Evaluating Agents: Benchmarks and What They Actually Measure

Why Benchmarks Matter

Building an agent is the easy part. Knowing whether it actually works — and whether it works better than the previous version — is the hard part. Benchmarks provide standardised, reproducible tests that let you compare agent performance across models, architectures, and prompt strategies without relying on vibes.

But benchmarks are not oracles. They measure specific capabilities under controlled conditions, and those conditions may not match your production workload. Understanding what each benchmark measures — and what it misses — is as important as understanding its scores.

The Major Agent Benchmarks

SWE-bench

What it tests: Real-world software engineering — resolving GitHub issues in open-source Python repositories.

Each instance in SWE-bench is a real issue + a gold patch (the pull request that fixed it). The agent receives the issue description, the repository codebase, and must produce a patch that makes the repository's test suite pass.

Property	Value
Release year	2023
Task count	2,294 (SWE-bench Verified: 500)
Success metric	% of issues with passing tests after agent patch
Difficulty	Very high — top agents score ~20–50% on Verified
Required capabilities	Code reading, multi-file editing, test execution

# Install and run SWE-bench
pip install swebench

# Evaluate a set of agent predictions
python -m swebench.harness.run_evaluation \
    --dataset_name princeton-nlp/SWE-bench_Verified \
    --predictions_path ./my_agent_predictions.jsonl \
    --max_workers 4 \
    --run_id my_experiment_01

Note: SWE-bench Verified is the recommended subset. The full SWE-bench contains some issues with ambiguous or incorrect gold patches. The Verified split was manually reviewed to ensure issue quality.

HumanEval

What it tests: Python function synthesis from docstrings. The model reads a function signature + docstring and must complete the implementation.

# Example HumanEval problem
def has_close_elements(numbers: List[float], threshold: float) -> bool:
    """
    Check if in given list of numbers, are any two numbers closer to each
    other than given threshold.
    >>> has_close_elements([1.0, 2.0, 3.0], 0.5)
    False
    >>> has_close_elements([1.0, 2.8, 3.0, 4.0, 5.0, 2.0], 0.3)
    True
    """
    # Agent must implement this

Property	Value
Release year	2021
Task count	164
Success metric	pass@k (fraction of k samples that pass all unit tests)
Difficulty	Moderate — frontier models score 85–95%+
Limitation	Code-only; no tool use, no multi-turn interaction

HumanEval is better suited for evaluating base language model coding ability than agentic behaviour.

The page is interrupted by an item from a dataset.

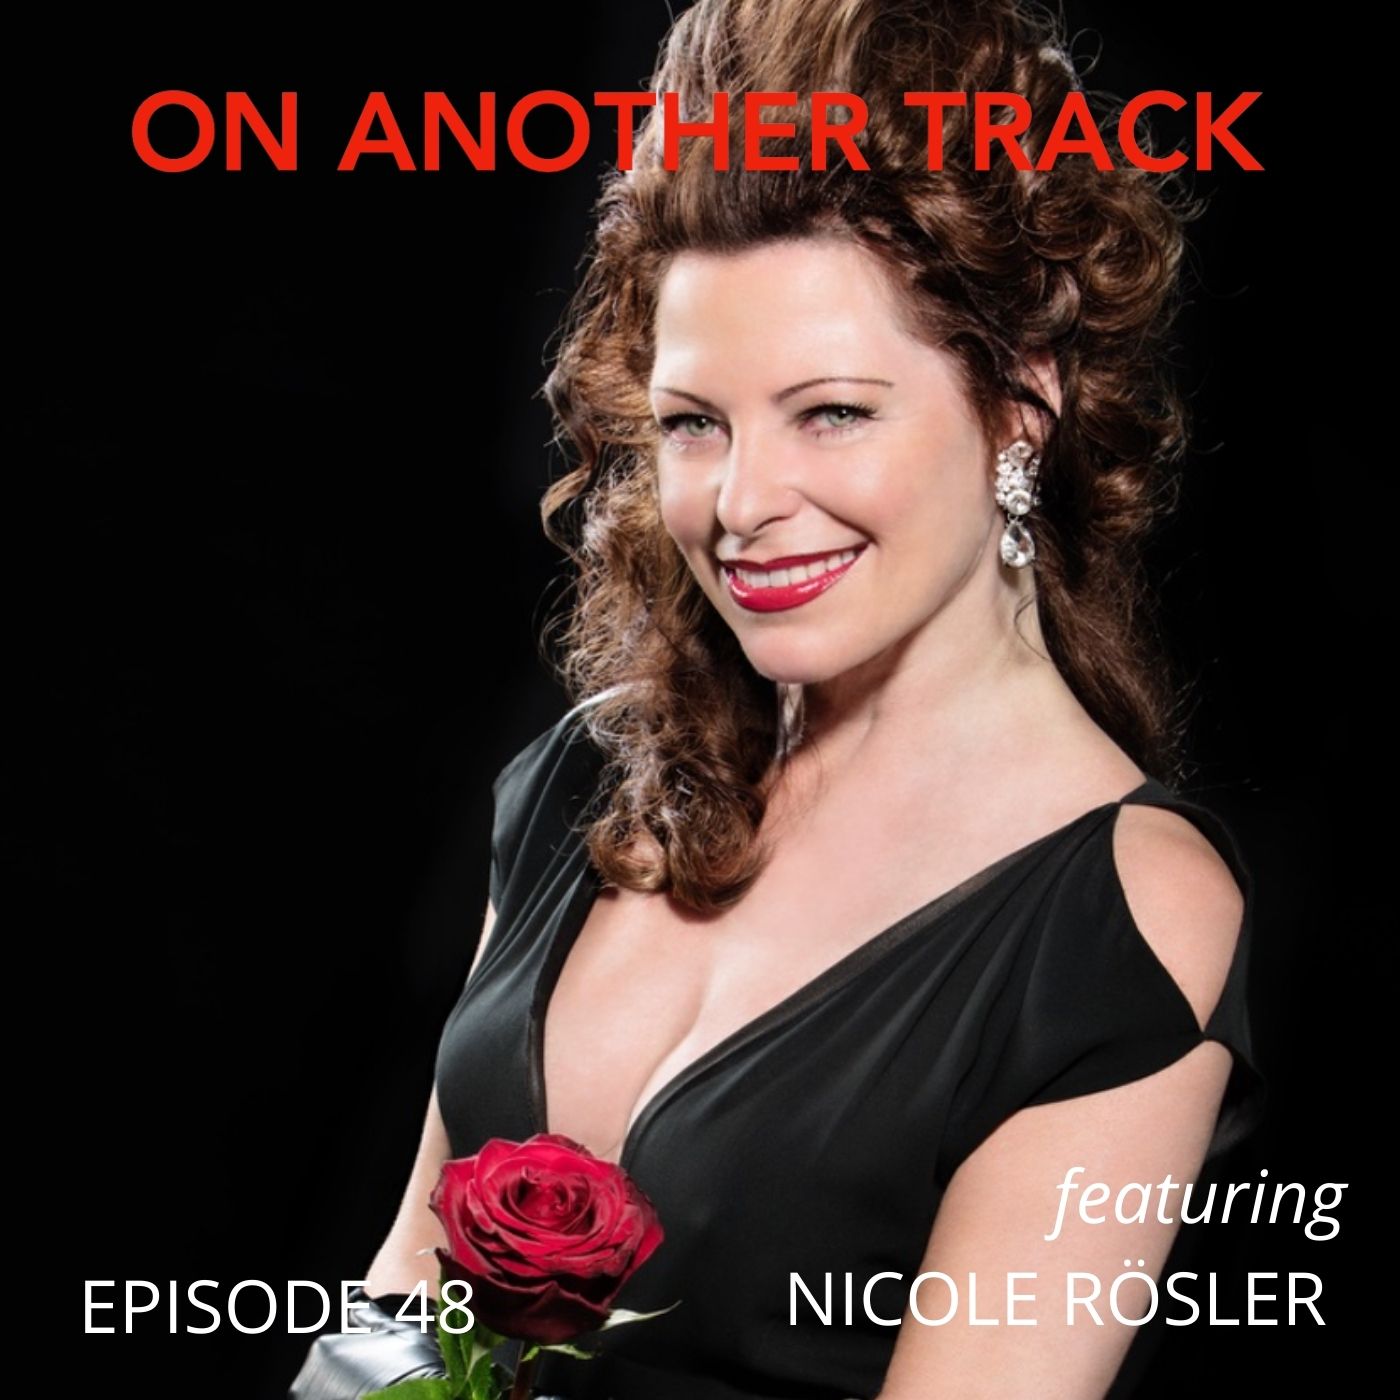 Nicole Rösler - Being a brand ambassador to James Bond has some merit!

It lacks tool use, multi-file context, or iterative debugging.

GAIA

What it tests: General AI Assistant — questions that require browsing the web, reading files, running code, and multi-step reasoning.

GAIA problems are intentionally designed to be easy for humans but hard for AI. They require using multiple tools in the right order, maintaining context across many steps, and producing precise, verifiable answers.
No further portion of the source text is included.